Grand National Films, Inc.
- Industry: Film studio
- Founded: 1936
- Defunct: 1939
- Fate: Liquidation
- Headquarters: Los Angeles, California, United States
- Key people: Edward L. Alperson

= Grand National Films Inc. =

Film production company

Grand National Films, Inc (or Grand National Pictures, Grand National Productions and Grand National Film Distributing Co.) was an American independent motion picture production-distribution company in operation from 1936 to 1939. The company had no relation to the British Grand National Pictures (although the British firm used the American company's logo).

==History and releases==
Edward L. Alperson, a film exchange manager, founded Grand National in 1936 on the basis of First Division Pictures, of which he was on the board of directors. What United Artists was to major independent producers, Harry F. Thomas's First Division was to low-budget producers: a convenient releasing outlet for individual pictures, and successful within its own market. Its feature-length releases, usually produced by Mayfair Pictures, Willis Kent, or Bernard B. Ray, were split between westerns, mysteries, "problem" melodramas, and action fare. First Division was also the original distributor of The March of Time, short-subject documentaries that were well received during their first year of production (1935); RKO took over the series after four installments.

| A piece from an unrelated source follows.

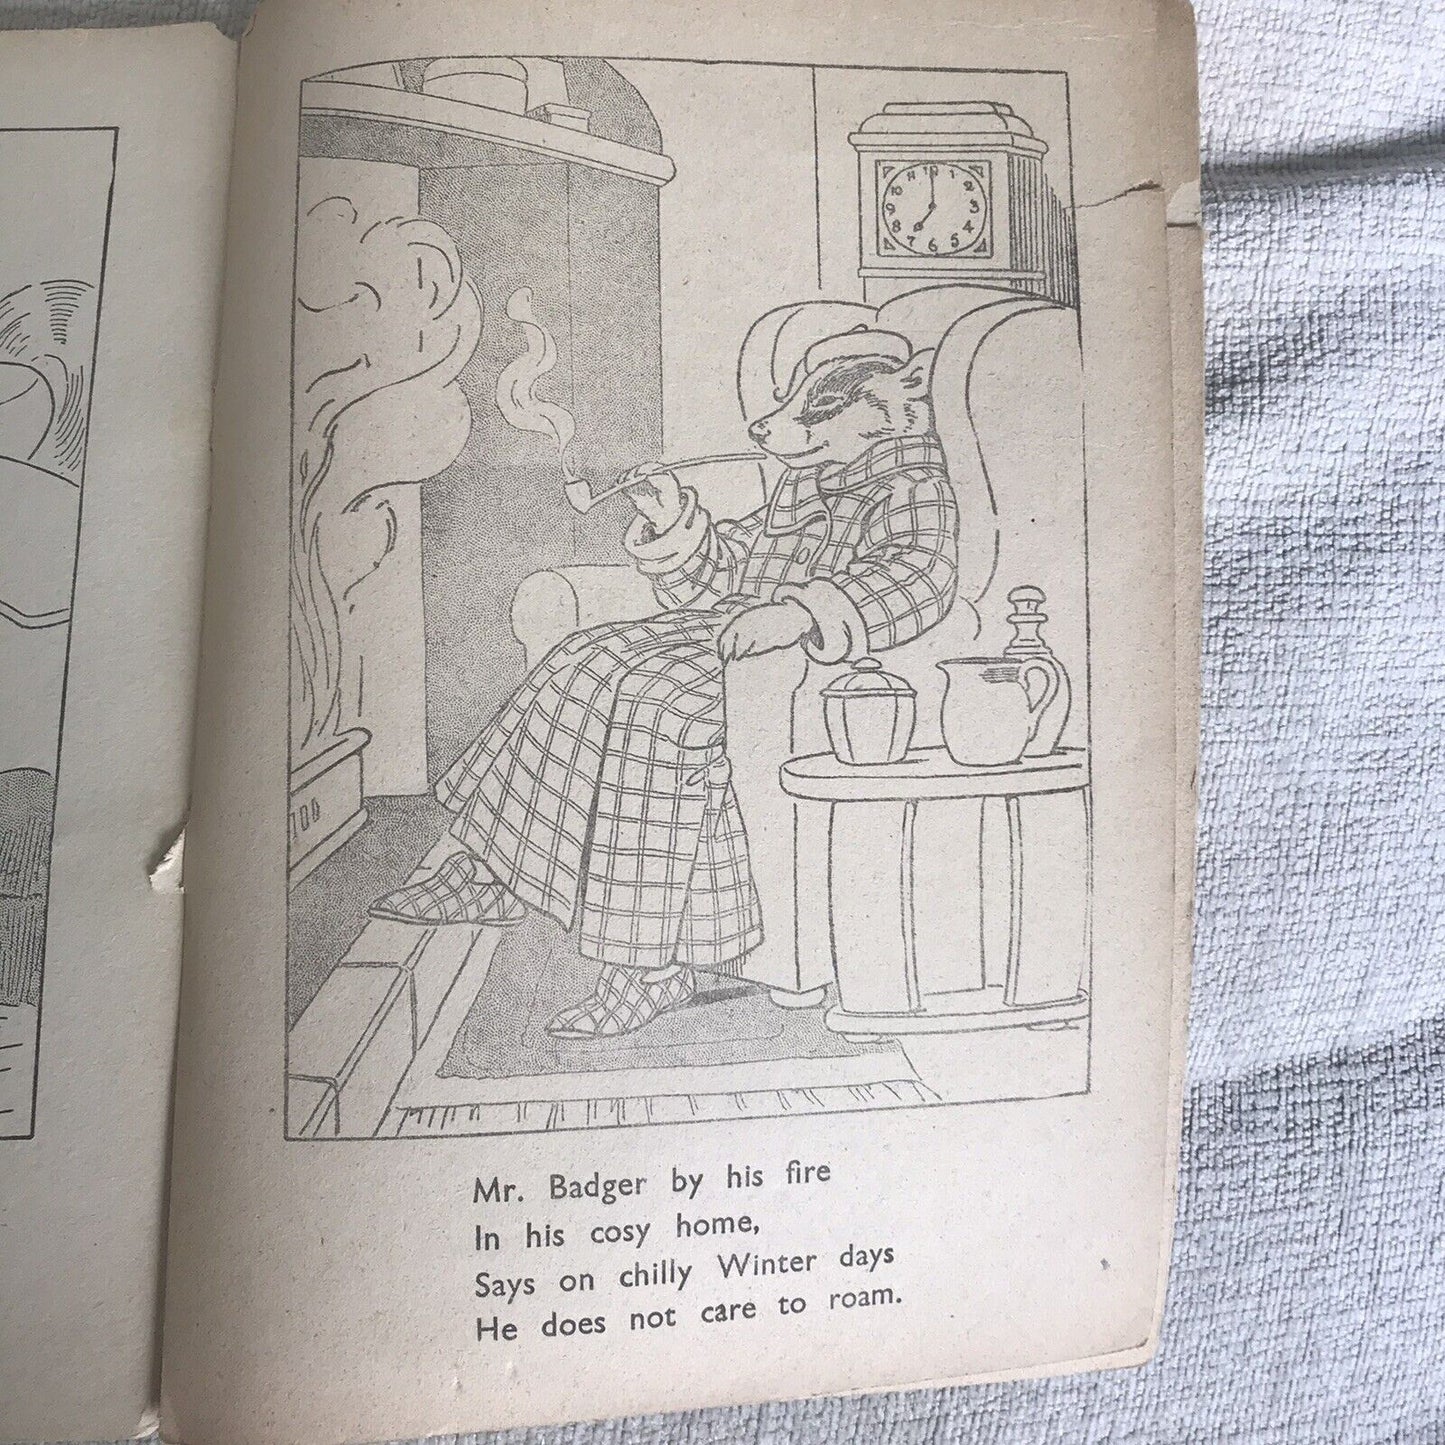 1935 Chums (Agnes Richardson Illust) Birn Brothers Publish Honeyburn Books (UK)

In April 1936, Alperson took over First Division's film exchanges, existing product line, and contracts. The First Division name had become associated with low-budget productions, so Alperson renamed the company Grand National Film Distributing Company, aiming to release higher-grade features for independent theaters, just like fellow upstart Republic Pictures. By the summer, he had begun development of a California-based production entity, Grand National Productions, sharing the production facilities of comedy-shorts company Educational Pictures. By October, he had his first original films ready for release. Alperson created the studio's logo, a futuristic clock tower, with an idea to advertise "it's time to see a Grand National picture."

Producer Edward Finney, releasing through Grand National, gave the new company its first star attraction: singing cowboy Tex Ritter. The studio went on to produce other Westerns with established action star Ken Maynard, and two brief series with newcomers: singing cowboy Tex Fletcher and singing cowgirl Dorothy Page. Apart from westerns, its most consistent talent may have been comedy director Charles Lamont. Producer George Hirliman made a few features in a two-color process that he labeled "Hirlicolor", similar to Cinecolor. Hirliman also produced a four-film series starring his wife Eleanor Hunt and Conrad Nagel as federal agents Reynolds and O'Connor. Silent-era star Rod LaRocque appeared on a number of mystery films as the popular fiction and radio character The Shadow. Producer Franklyn Warner made four well-received features for Grand National (as "Fine Arts Pictures") in 1938–39.

The studio had an overseas distribution agreement with Associated British Pictures Corporation and bought the rights to one British Boris Karloff film, Juggernaut (released by Grand National in 1937).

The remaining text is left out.